**Recorded data:**
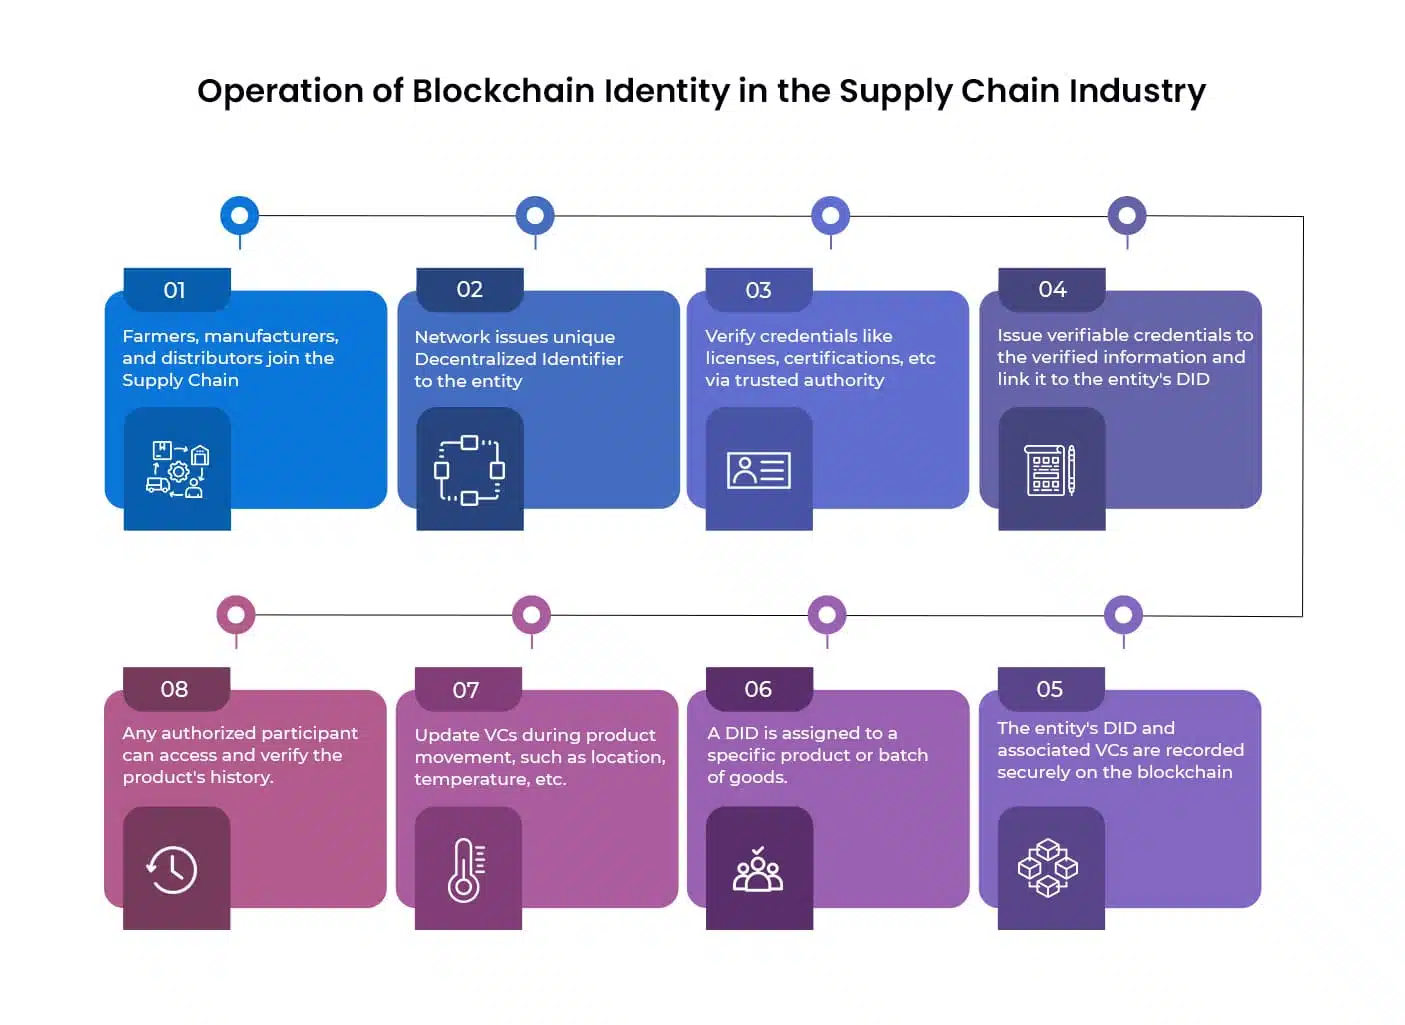 Operations Of Blockchain Identity In Supply Chain Industry Infographic
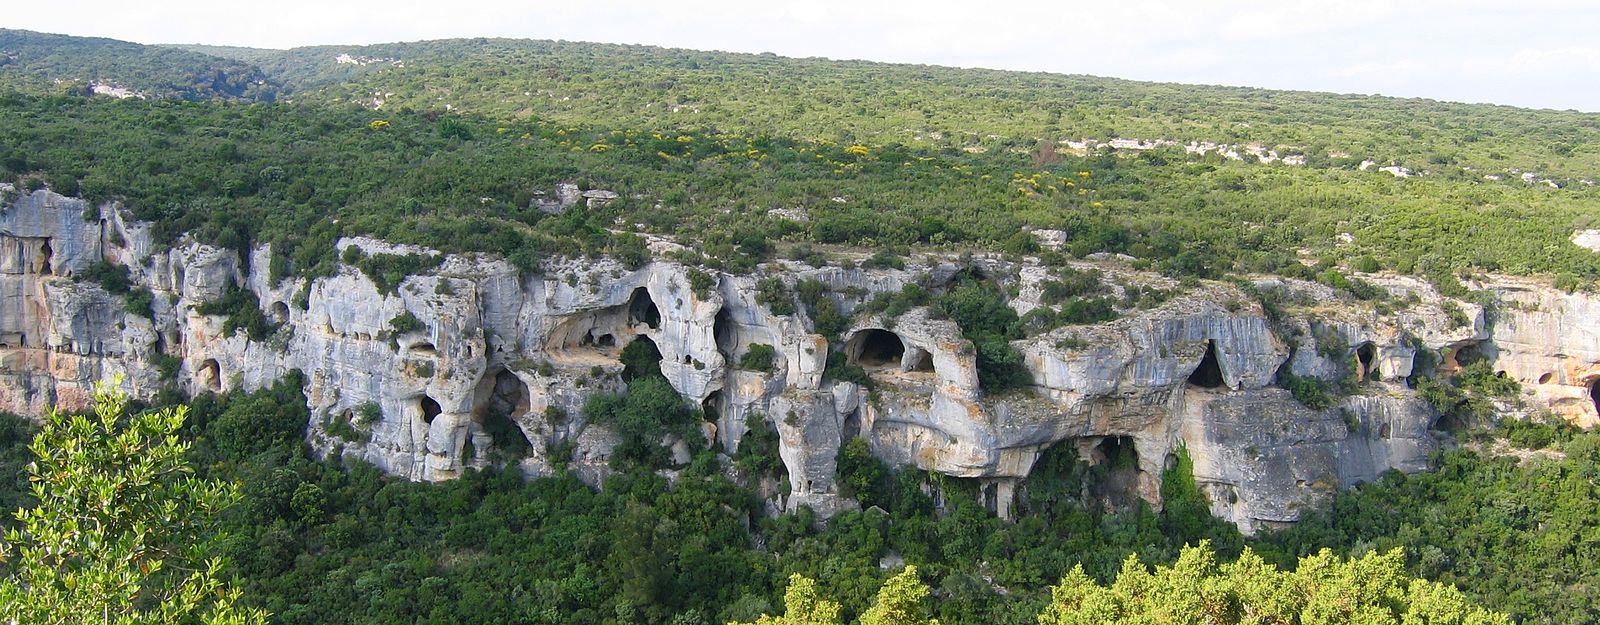 White-gray cliffside with numerous caves and holes throughout; the base and top of the cliffs are covered in green vegetation.
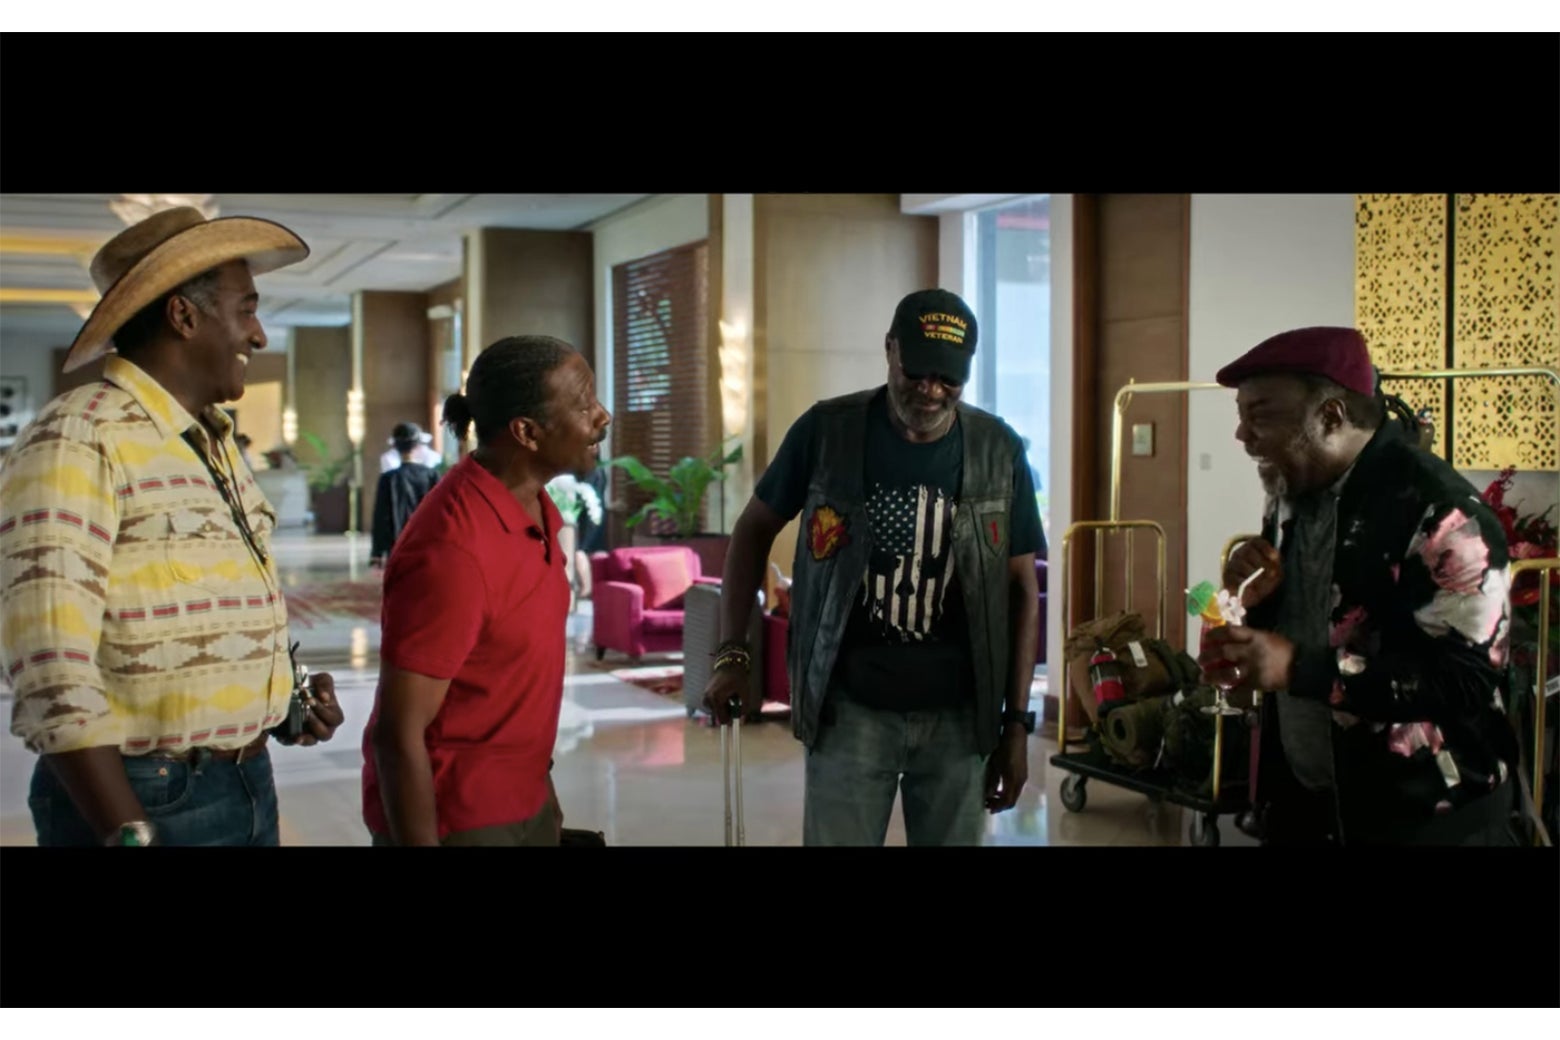 A scene from Da 5 Bloods showing four men at an airport
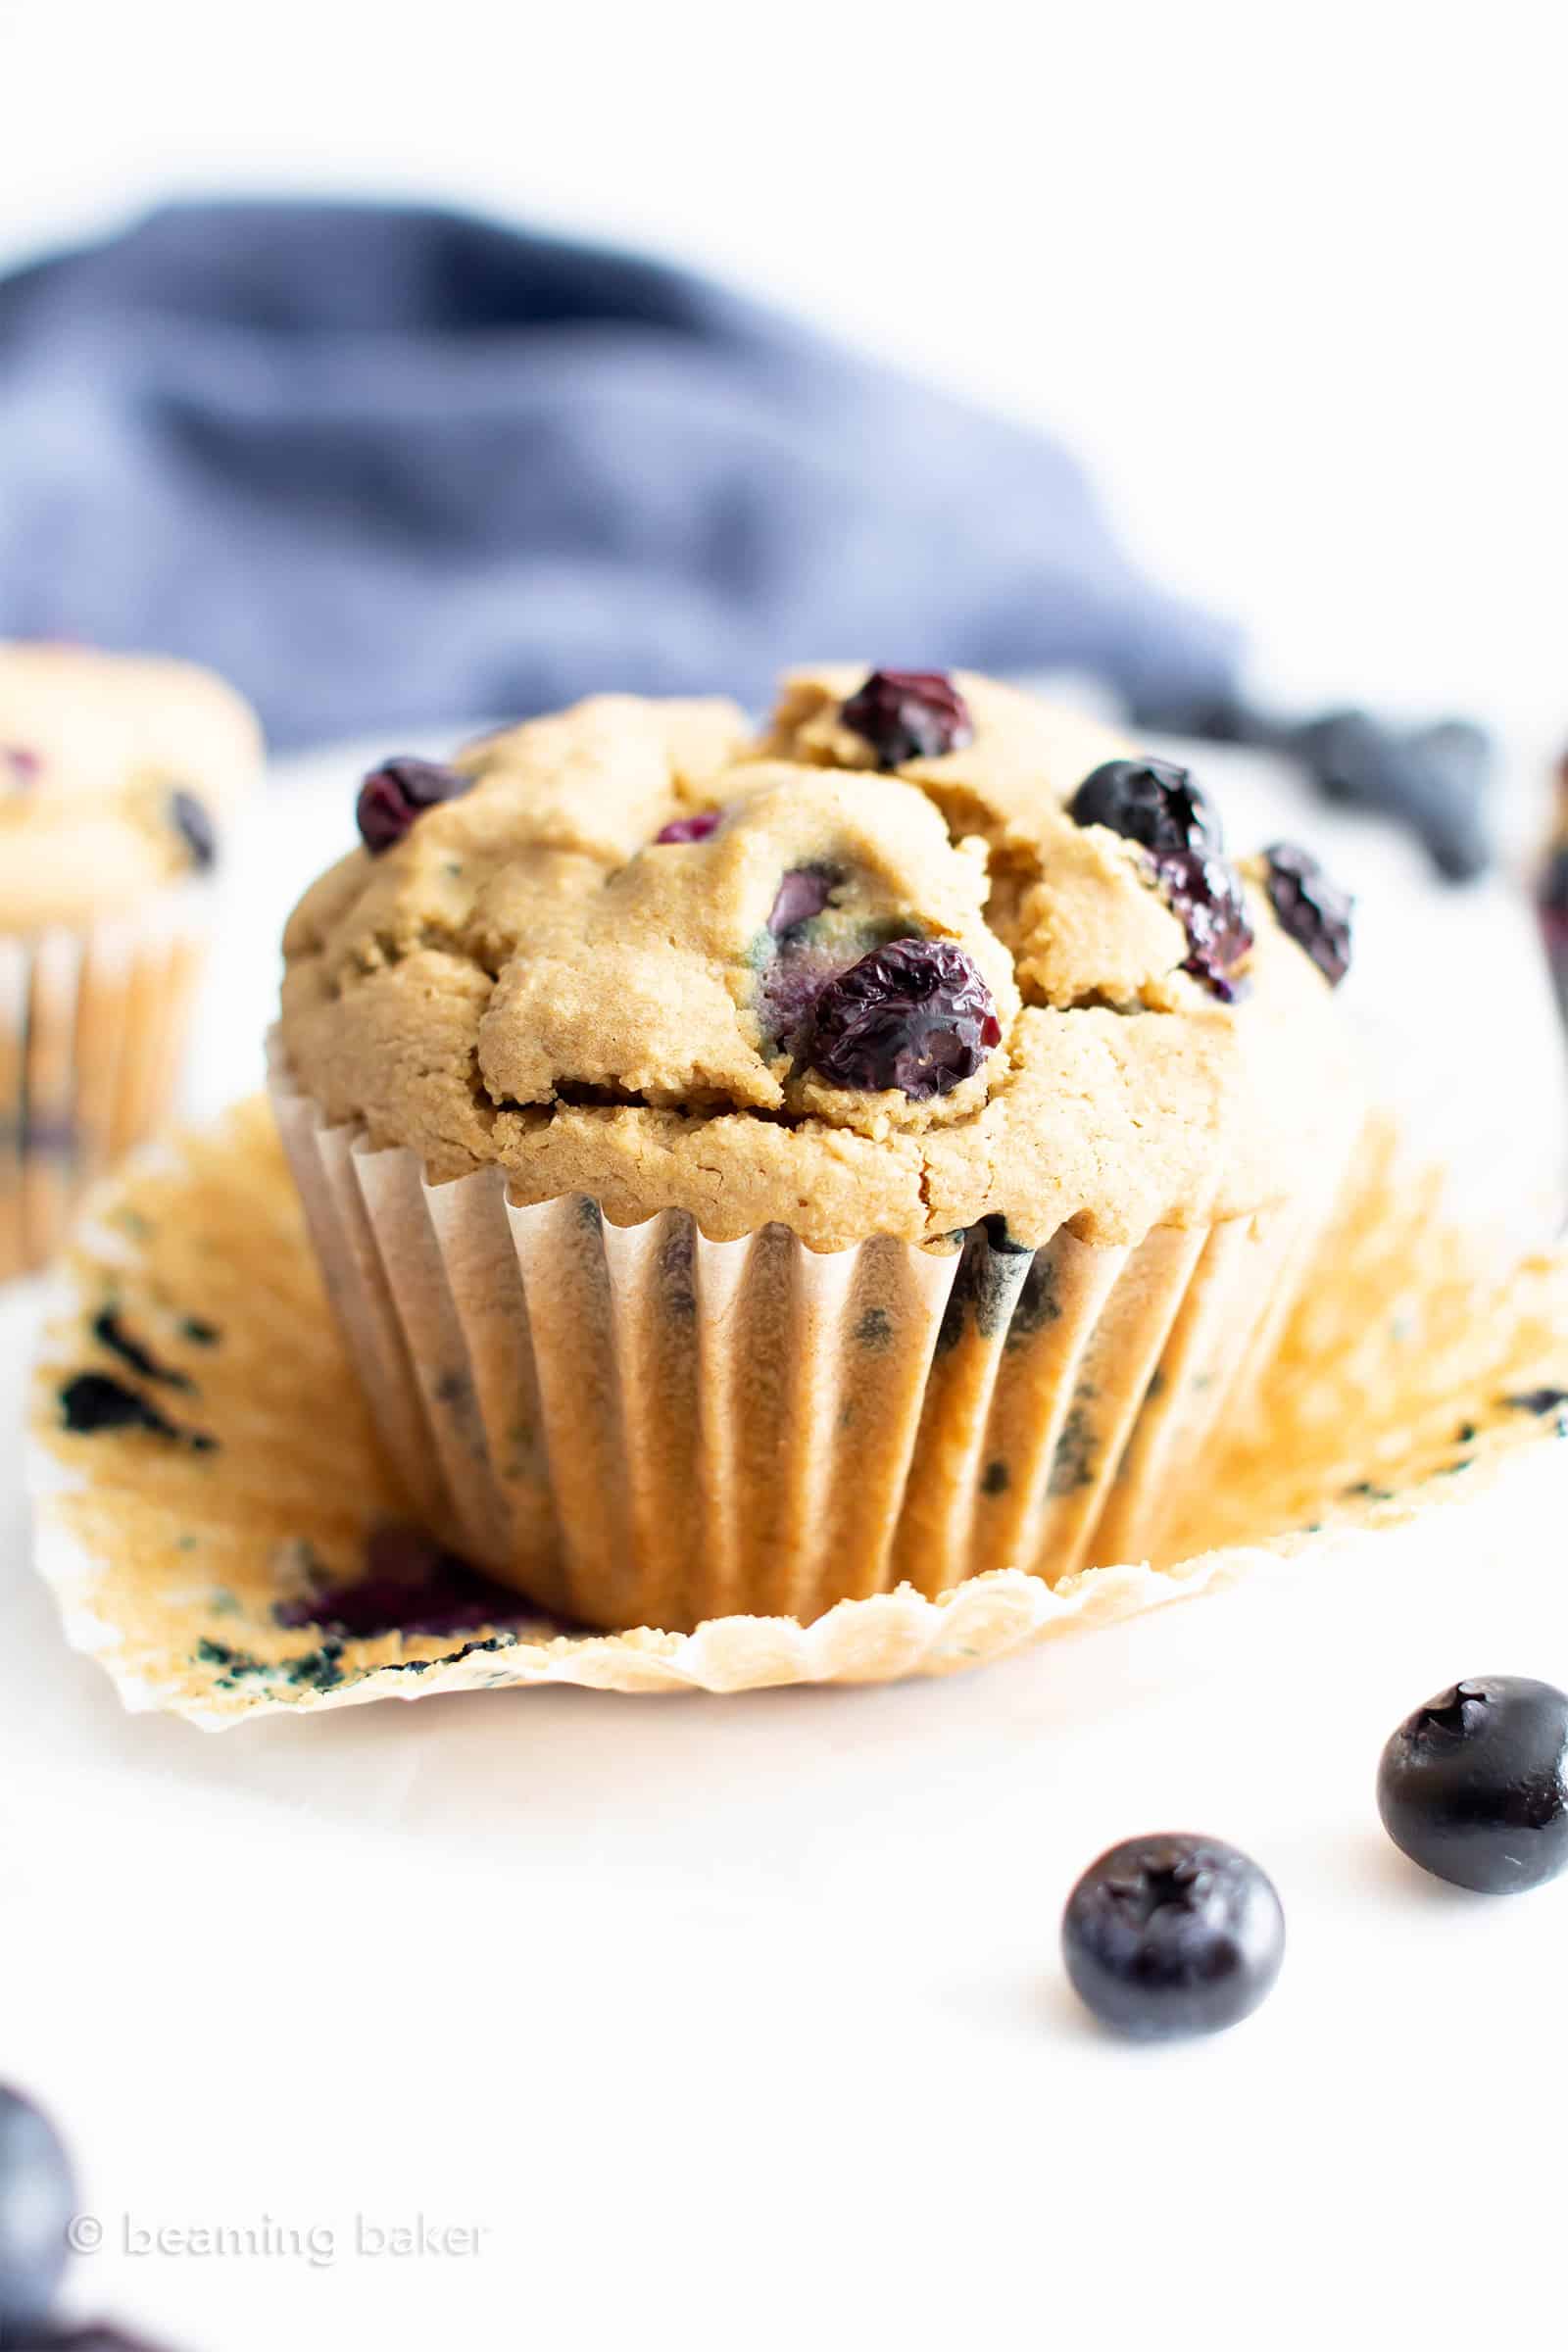 25+ Absolute Best Vegan Muffins: an irresistibly mouthwatering collection of the best vegan muffins! Including vegan banana muffins, vegan pumpkin muffins, vegan chocolate chip muffins, and more! #veganmuffins #veganbananamuffins #vegan #muffins | Recipes on BeamingBaker.com

**Directions for this task:**
Only the lines from the one containing "White-gray cliffside with" through the last line of the data may appear in the answer, each given again exactly and with pictures left out.

**Reply to the exercise:**
 White-gray cliffside with numerous caves and holes throughout; the base and top of the cliffs are covered in green vegetation.
 A scene from Da 5 Bloods showing four men at an airport
 25+ Absolute Best Vegan Muffins: an irresistibly mouthwatering collection of the best vegan muffins! Including vegan banana muffins, vegan pumpkin muffins, vegan chocolate chip muffins, and more! #veganmuffins #veganbananamuffins #vegan #muffins | Recipes on BeamingBaker.com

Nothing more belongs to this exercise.